Validated algorithms to classify type 1 and 2 diabetes (T1D, T2D) are mostly limited to white pediatric populations. We conducted a large study in Hong Kong among children and adults with diabetes to develop and validate algorithms using electronic health records (EHRs) to classify diabetes type against clinical assessment as the reference standard, and to evaluate performance by age at diagnosis.
We included all people with diabetes (age at diagnosis 1.5-100 years during 2002-15) in the Hong Kong Diabetes Register and randomized them to derivation and validation cohorts. We developed candidate algorithms to identify diabetes types using encounter codes, prescriptions, and combinations of these criteria ("combination algorithms"). We identified 3 algorithms with the highest sensitivity, positive predictive value (PPV), and kappa coefficient, and evaluated performance by age at diagnosis in the validation cohort.
There were 10,196 (T1D n = 60, T2D n = 10,136) and 5101 (T1D n = 43, T2D n = 5058) people in the derivation and validation cohorts (mean age at diagnosis 22.7, 55.9 years; 53.3, 43.9% female; for T1D and T2D respectively). Algorithms using codes or prescriptions classified T1D well for age at diagnosis < 20 years, but sensitivity and PPV dropped for older ages at diagnosis. Combination algorithms maximized sensitivity or PPV, but not both. The "high sensitivity for type 1" algorithm (ratio of type 1 to type 2 codes ≥ 4, or at least 1 insulin prescription within 90 days) had a sensitivity of 95.3% (95% confidence interval 84.2-99.4%; PPV 12.8%, 9.3-16.9%), while the "high PPV for type 1" algorithm (ratio of type 1 to type 2 codes ≥ 4, and multiple daily injections with no other glucose-lowering medication prescription) had a PPV of 100.0% (79.4-100.0%; sensitivity 37.2%, 23.0-53.3%), and the "optimized" algorithm (ratio of type 1 to type 2 codes ≥ 4, and at least 1 insulin prescription within 90 days) had a sensitivity of 65.1% (49.1-79.0%) and PPV of 75.7% (58.8-88.2%) across all ages. Accuracy of T2D classification was high for all algorithms.

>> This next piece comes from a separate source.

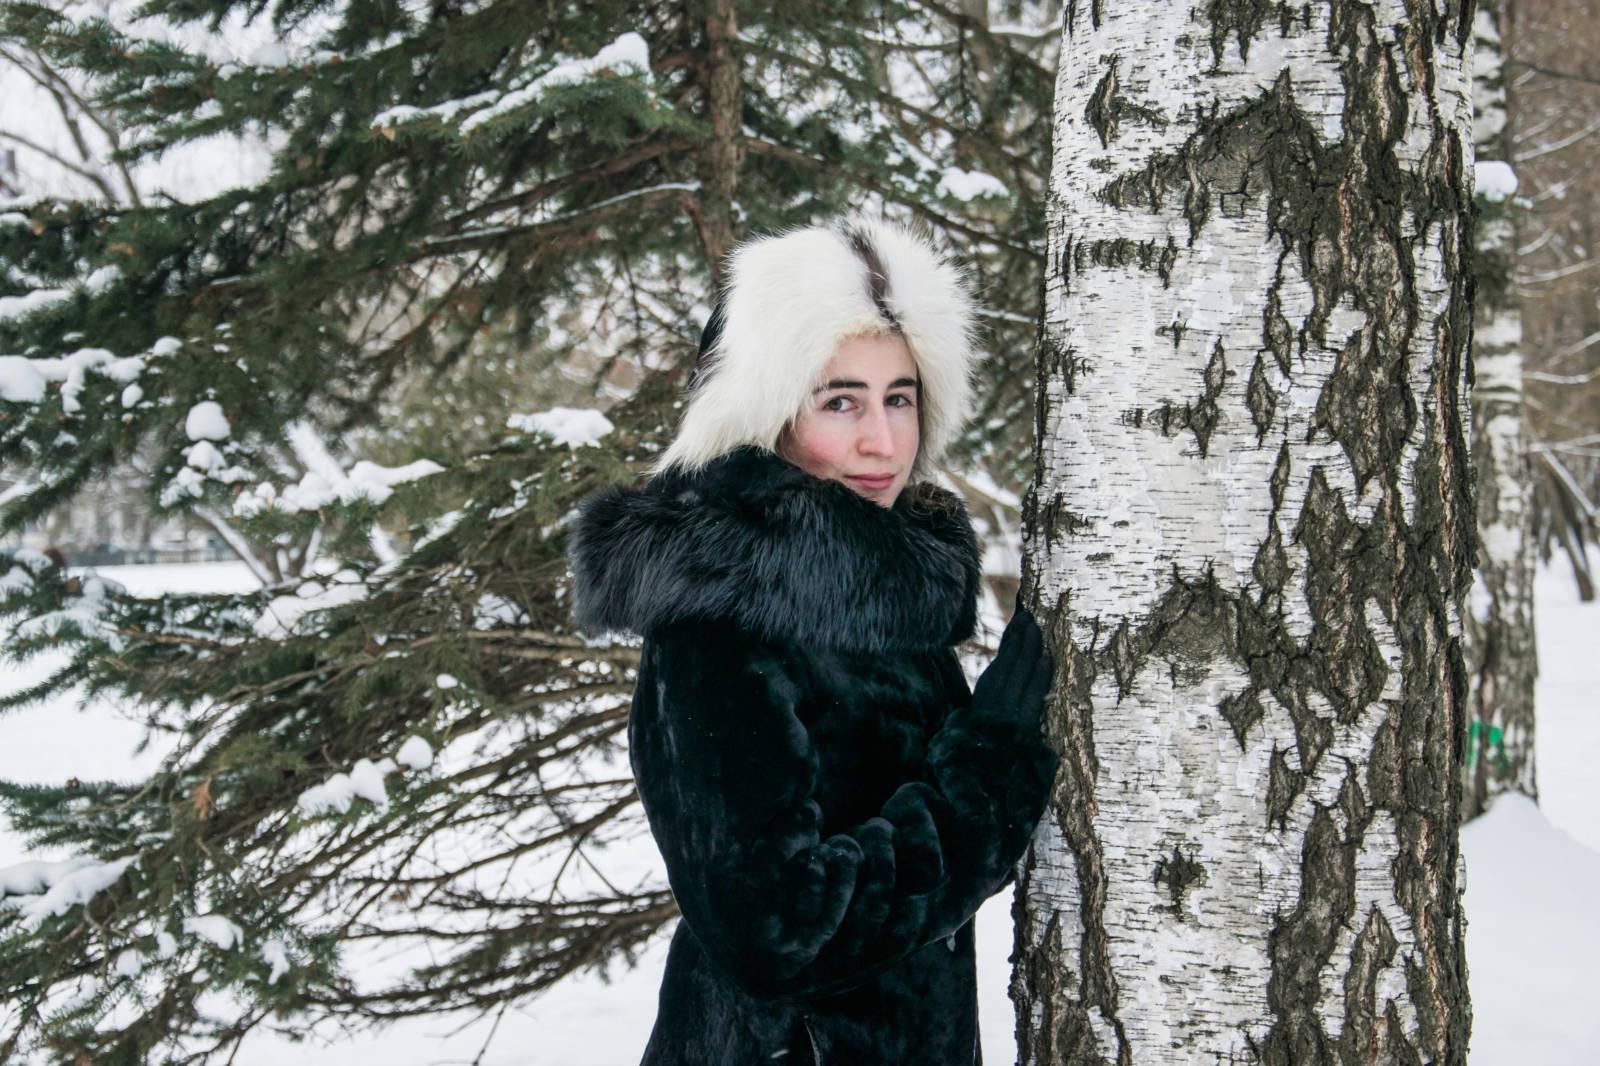 Portrait-Shooting-Elen-Ramirez-Photography
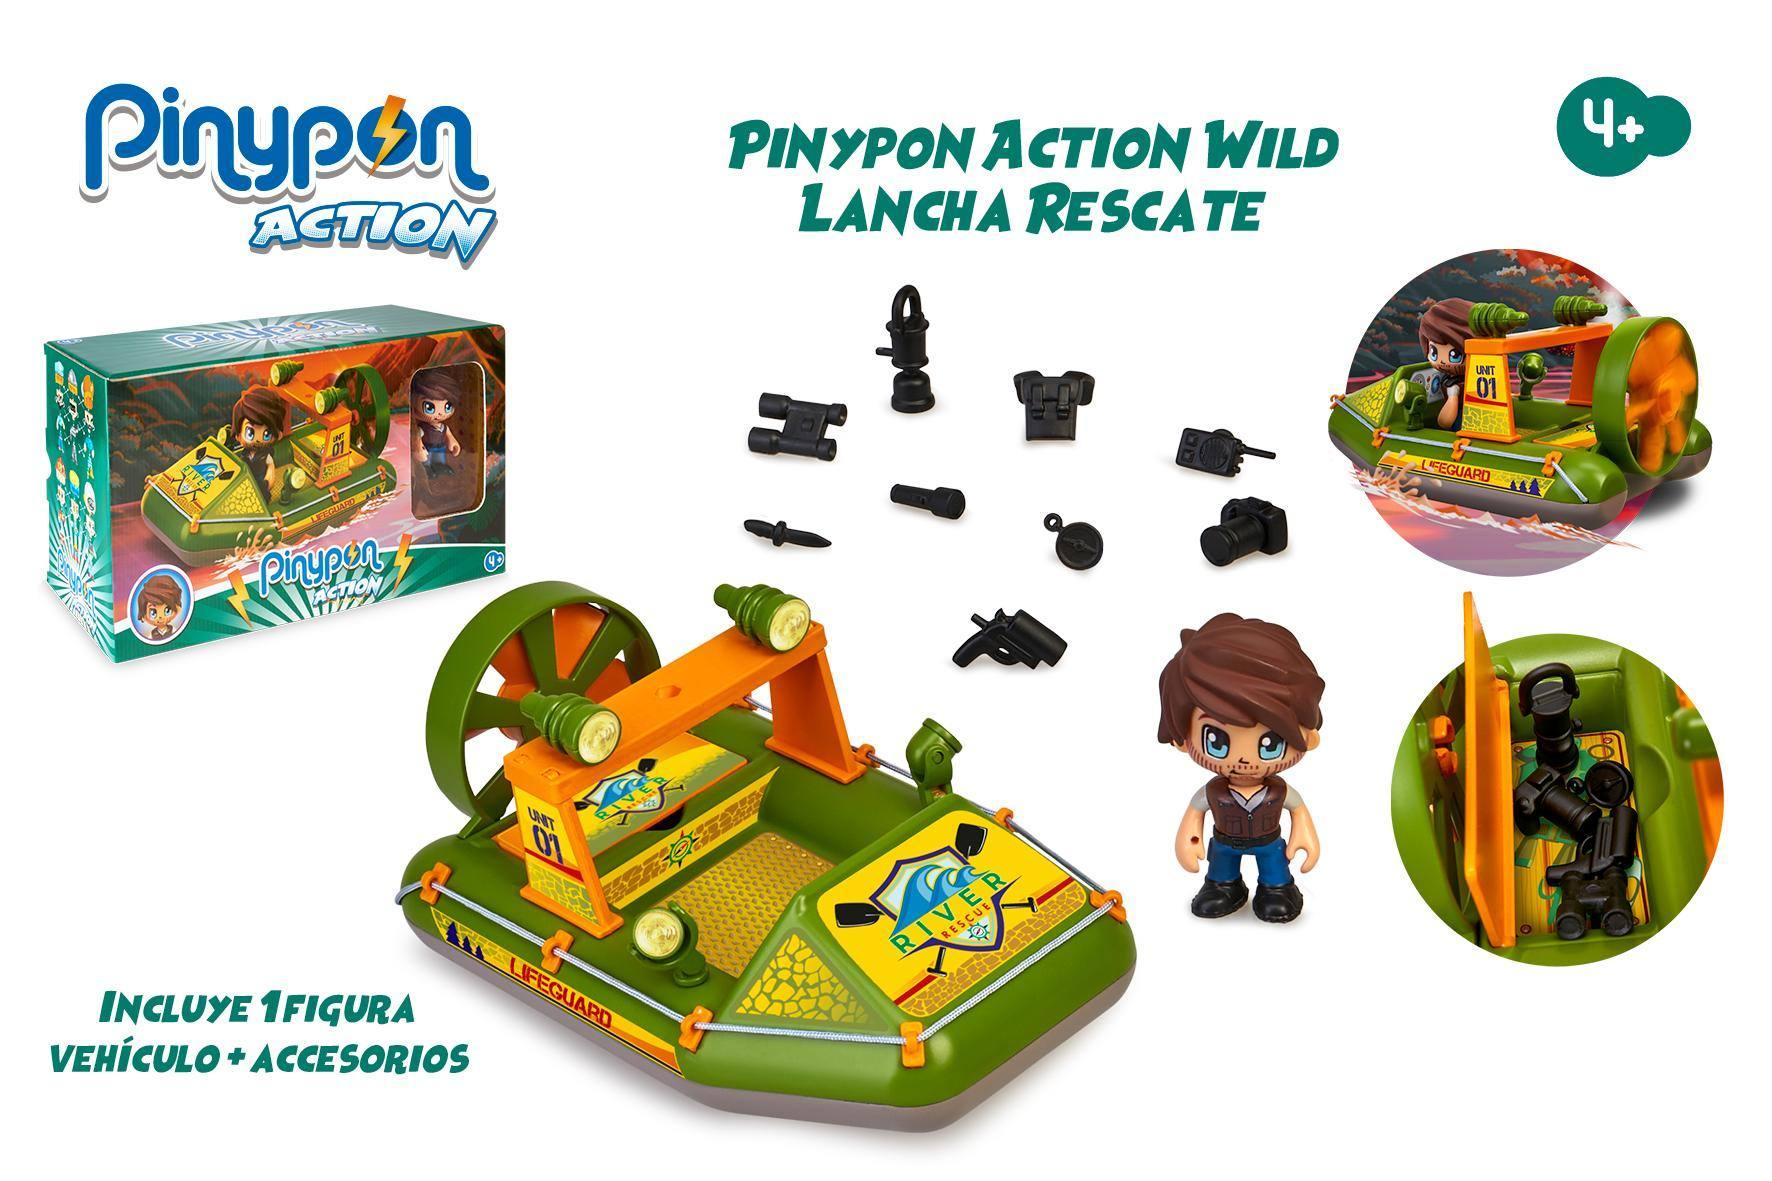 PINYPON ACCION LANCHA RESCATE 16340

Our validated set of algorithms accurately classifies T1D and T2D using EHRs for Hong Kong residents enrolled in a diabetes register. The choice of algorithm should be tailored to the unique requirements of each study question.
用于分类 1 型和 2 型糖尿病(T1D、T2D)的有效算法大多仅限于白人儿科人群。我们在香港进行了一项针对儿童和成人糖尿病患者的大型研究,旨在使用电子健康记录(EHR)开发和验证算法,以临床评估为参考标准对糖尿病类型进行分类,并根据诊断时的年龄评估其性能。
我们将 2002-2015 年期间诊断年龄为 1.5-100 岁的所有糖尿病患者(T1D n=60,T2D n=10136)纳入香港糖尿病登记处,并将其随机分配到推导队列和验证队列中。我们使用就诊代码、处方和这些标准的组合(“组合算法”)开发了用于识别糖尿病类型的候选算法。我们确定了 3 种具有最高灵敏度、阳性预测值(PPV)和kappa 系数的算法,并在验证队列中根据诊断时的年龄评估了其性能。
推导队列中有 10196 人(T1D n=60,T2D n=10136)和 5101 人(T1D n=43,T2D n=5058)(平均诊断年龄分别为 22.7 岁和 55.9 岁;53.3%和 43.9%为女性)。对于年龄<20 岁的患者,使用代码或处方的算法可以很好地分类 T1D,但对于年龄较大的患者,灵敏度和 PPV会下降。组合算法最大限度地提高了灵敏度或 PPV,但不能同时提高。“1 型高灵敏度”算法(1 型和 2 型代码的比值≥4,或在 90 天内至少有 1 次胰岛素处方)的灵敏度为 95.3%(95%置信区间 84.2-99.4%;PPV 12.8%,9.3-16.9%),而“1 型高 PPV”算法(1 型和 2 型代码的比值≥4,且多次每日注射,没有其他降血糖药物处方)的 PPV 为 100.0%(79.4-100.0%;灵敏度 37.2%,23.0-53.3%),而“优化”算法(1 型和 2 型代码的比值≥4,且在 90 天内至少有 1 次胰岛素处方)的灵敏度为 65.1%(49.1-79.0%),PPV 为 75.7%(58.8-88.2%)。所有算法对 T2D 分类的准确性均较高。
我们使用 EHR 为参加糖尿病登记处的香港居民验证了一组可准确分类 T1D 和 T2D 的算法。算法的选择应根据每个研究问题的独特要求进行调整。